# Average Cost Per Print: Plastisol vs. Water-Based Inks



## Cheesyphily (Jun 15, 2010)

Hi,

Long time reader, first time poster. This forum is a great resource and I hope to make some contributions down the road once I gain some experience. As a start-up needing to order my inks I am currently debating whether or not to just start off with water-based inks. I understand that WB produce a higher quality end product. 

My question is... how much would it cost to print the same color, of the same design using plastisol vs. water-based inks?? Also I see that purchasing the same volume of each ink i.e. 1 gallon is not TOO much of a price difference however, I also know that you cannot get as many prints out of a gallon of wb vs. a gallon of plastisol. 

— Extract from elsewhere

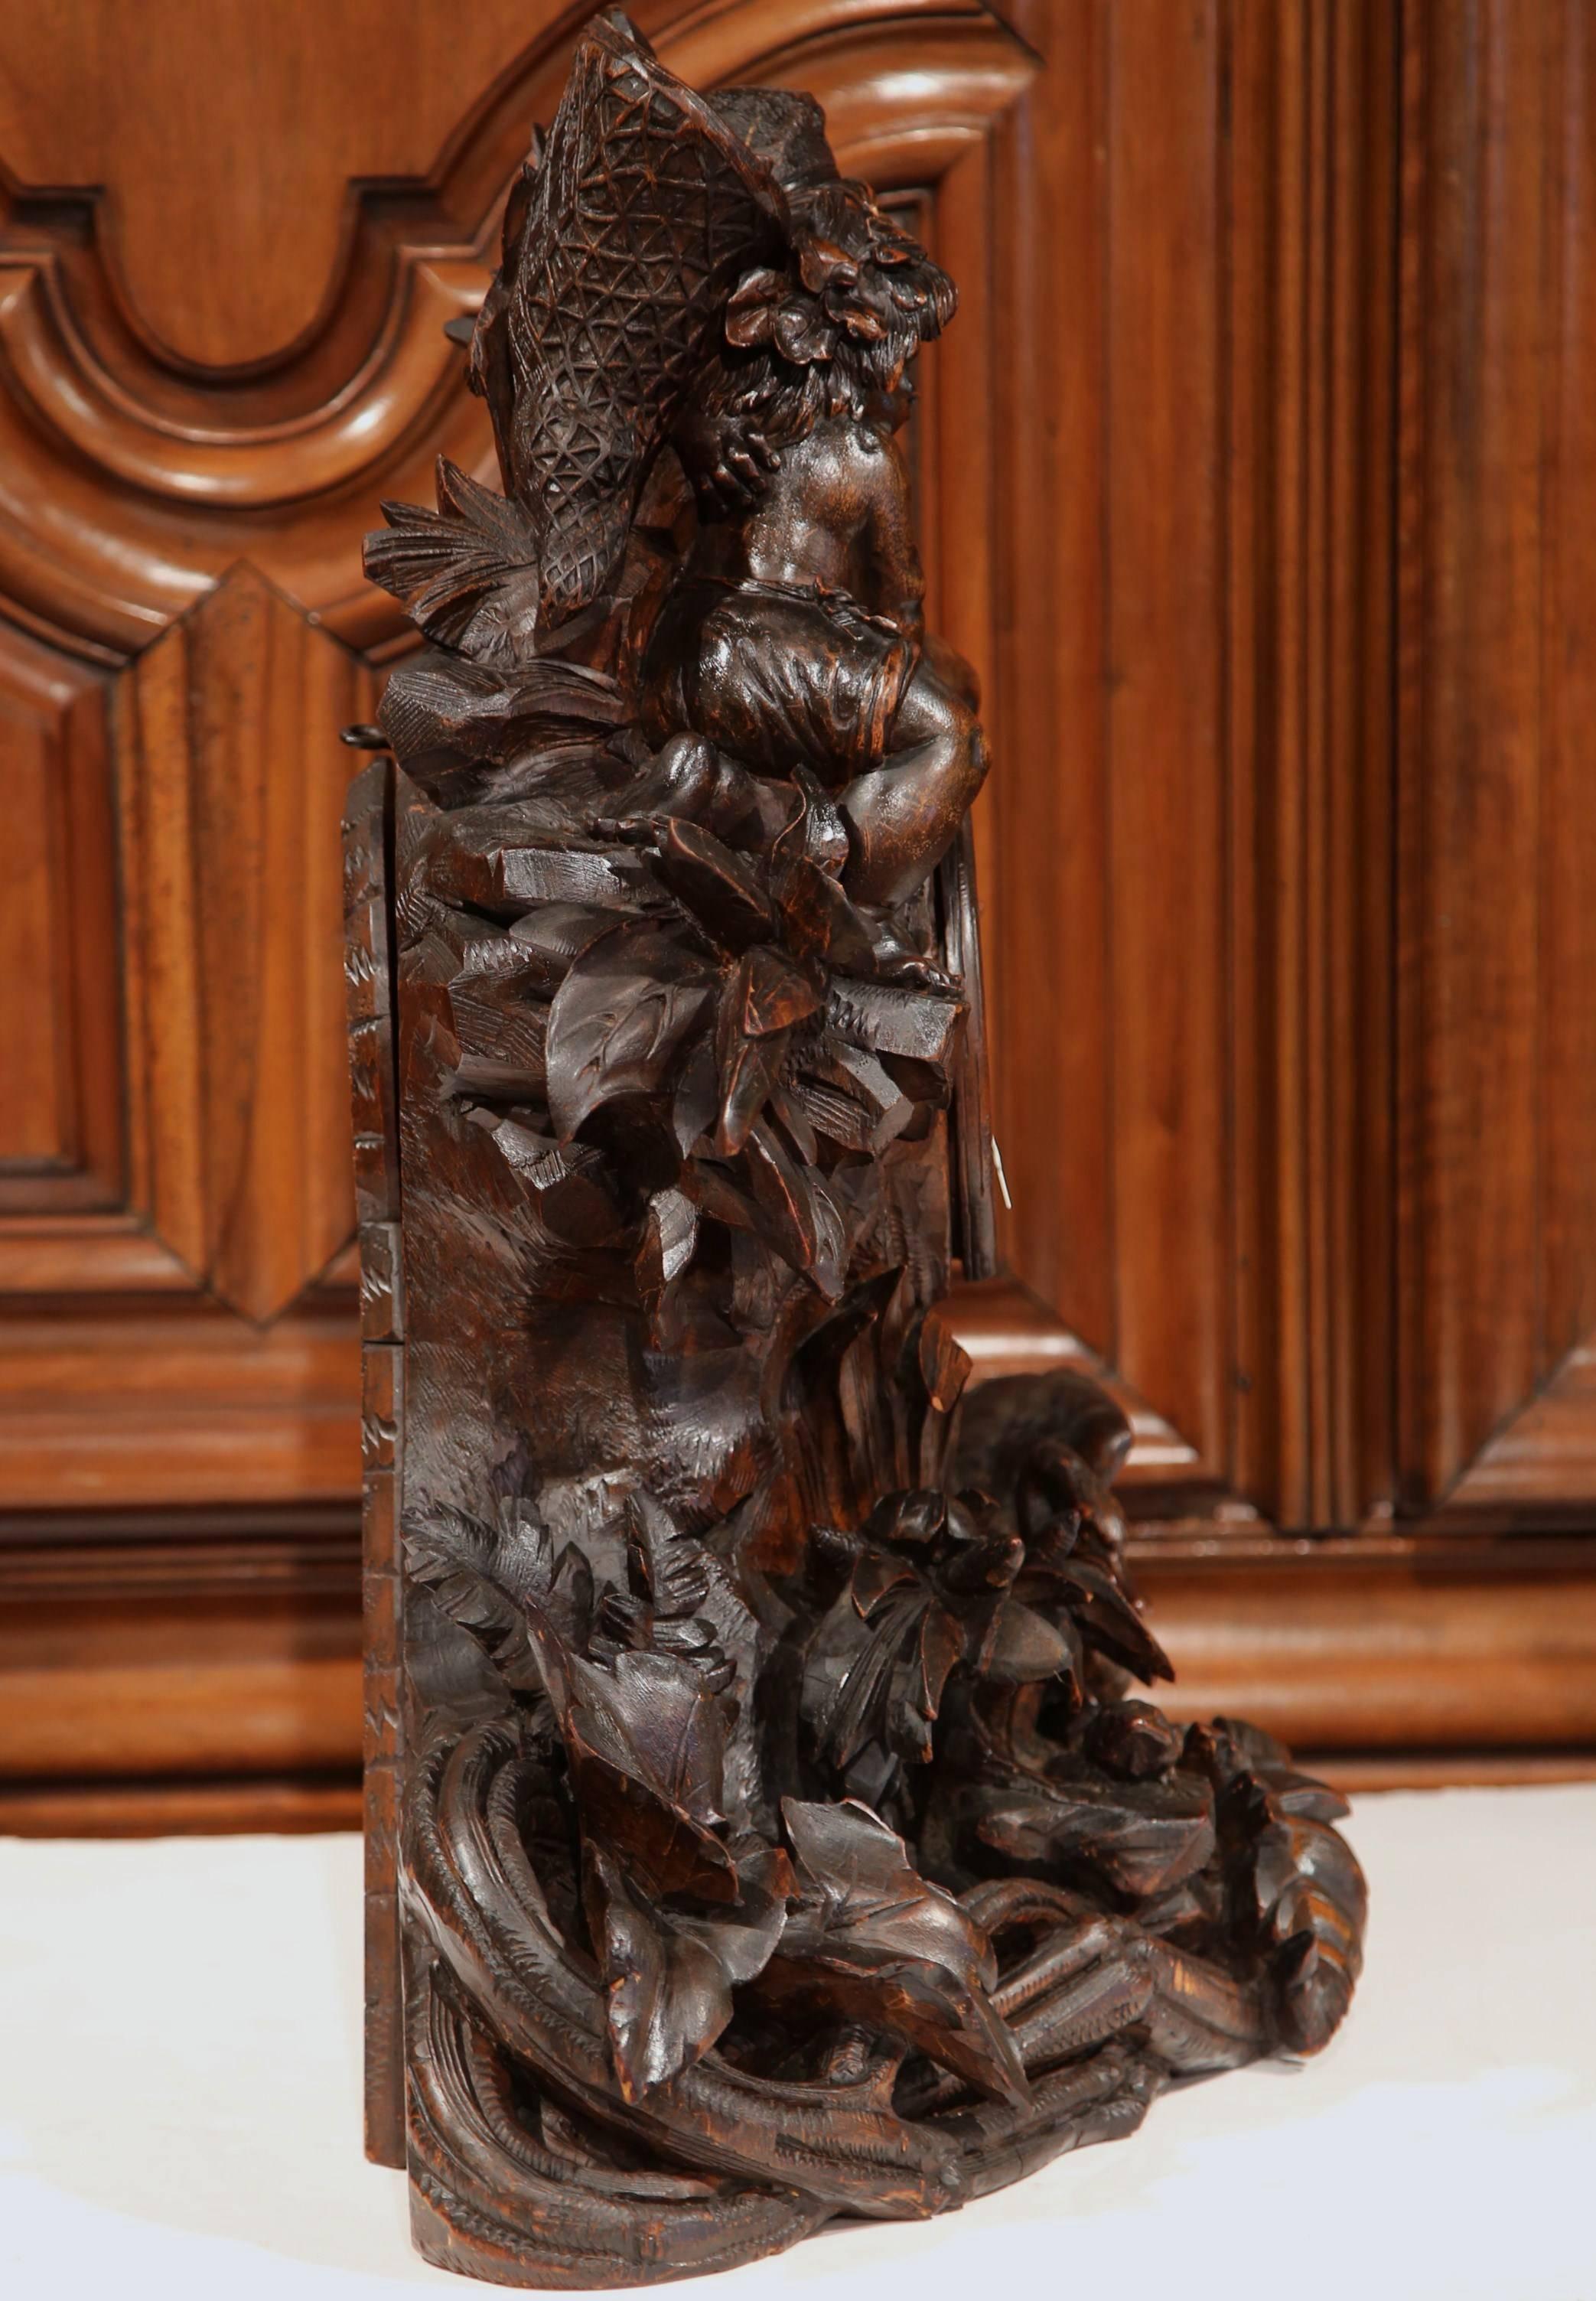 19th Century Swiss Black Forest Carved Walnut Mantel Clock with Cherubs and Bird For Sale 1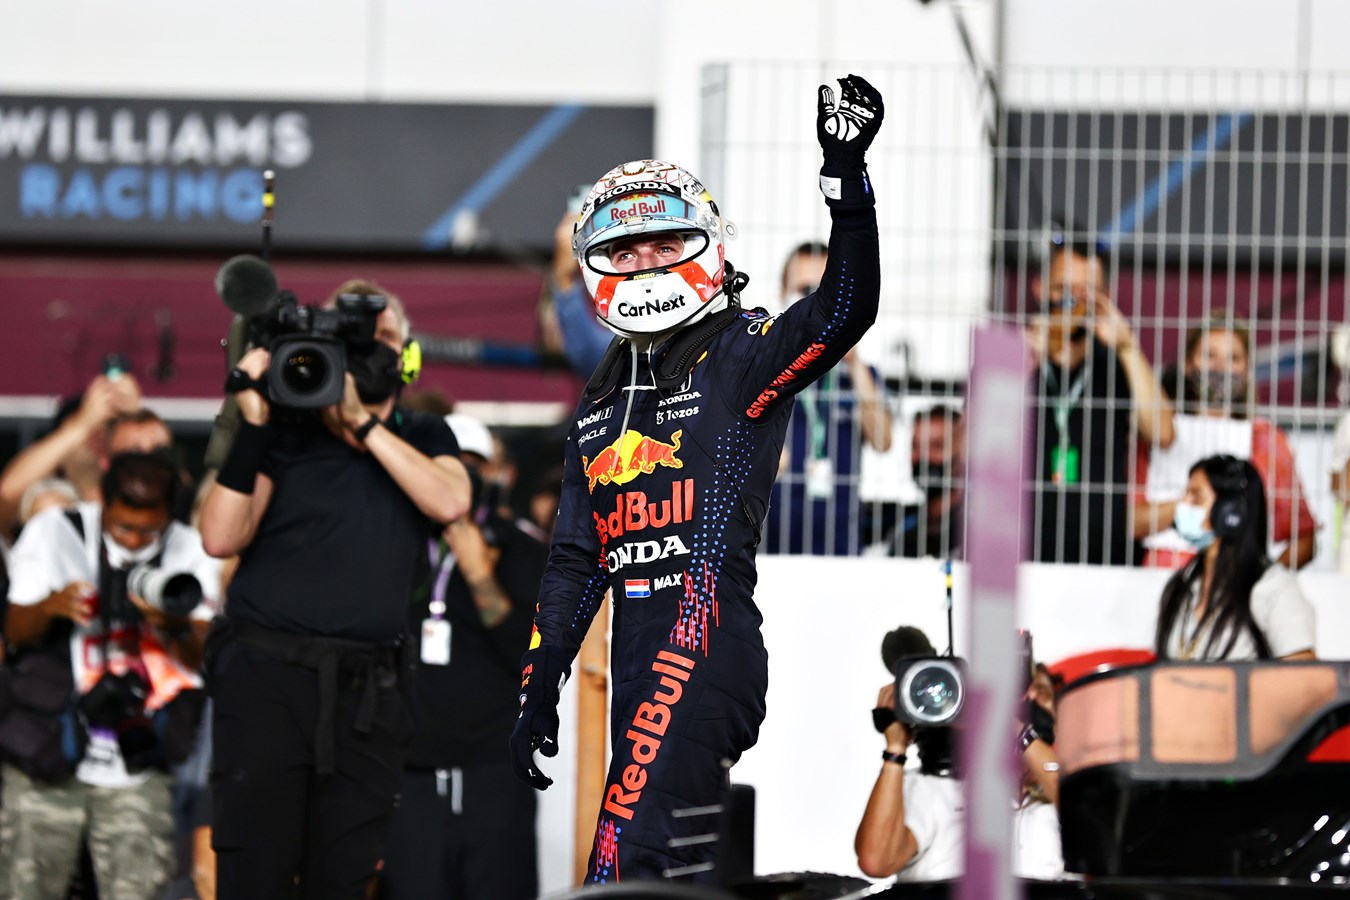 Red Bull Racing Honda Close The Gap In The Constructors' Championship, In Qatar #F1

Appreciate any feedback you guys can offer. Thanks!


----------



## Unik Ink (Nov 21, 2006)

I think that the difference is neglible. The only big difference that I see if the cost of high opacity waterbased inks such as Matsui HO or Permaset Supercover inks. They are usually $30-$50 more per gallon than normal waterbased inks. We buy Matsui Brite discharge base by 5 gallon buckets which comes out to $26 per gallon + shipping. If we are printing waterbased ink on light colors, we don't add the discharge powder to the base. If we are printing on dark garments, we add the powder to activate the discharge base. The only thing about discharge inks is there is alot of waste. The base only stays active for a certain amount of time, so if you mix up too much base, it usually gets thrown out if you aren't using that particular color in the next day or so.


----------